### PROBLEM STATEMENT
Please set down exactly the lines of the listing below from the line containing "WJEC Media A" through the line containing "PHOTOS: Inside Polygamy: Life", both lines included, leaving out all other lines.

### TASK INPUTS
┌────────

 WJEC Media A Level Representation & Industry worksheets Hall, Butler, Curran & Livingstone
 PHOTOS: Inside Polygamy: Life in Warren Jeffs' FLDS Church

└────────
┌────────

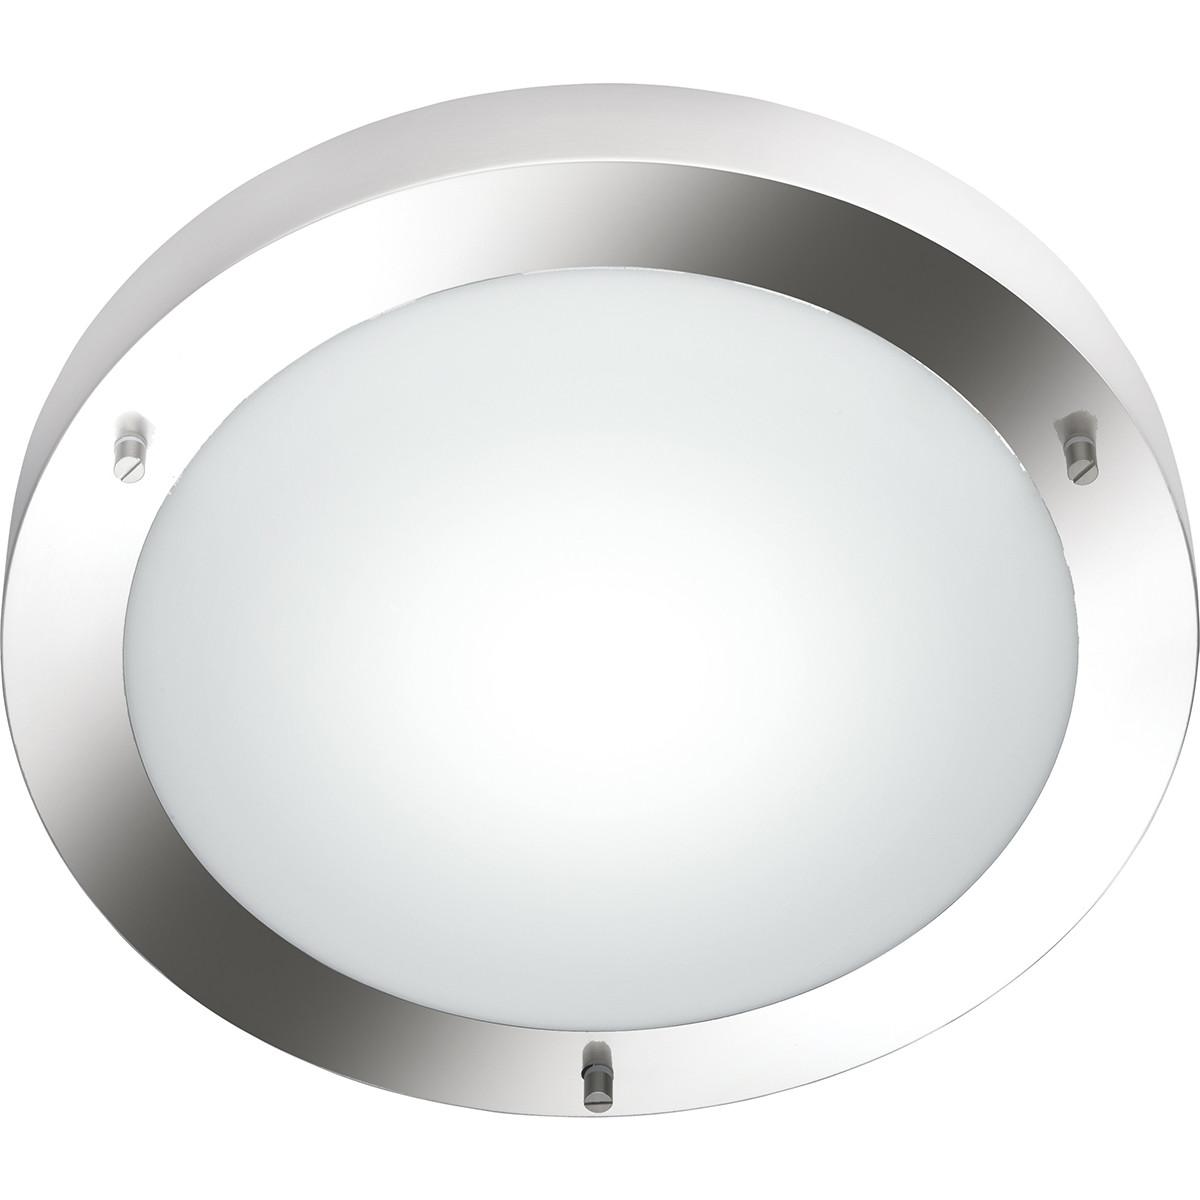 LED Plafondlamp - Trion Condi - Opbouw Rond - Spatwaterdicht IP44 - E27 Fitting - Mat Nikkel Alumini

└────────

### SOLVED PROBLEM
 WJEC Media A Level Representation & Industry worksheets Hall, Butler, Curran & Livingstone
 PHOTOS: Inside Polygamy: Life in Warren Jeffs' FLDS Church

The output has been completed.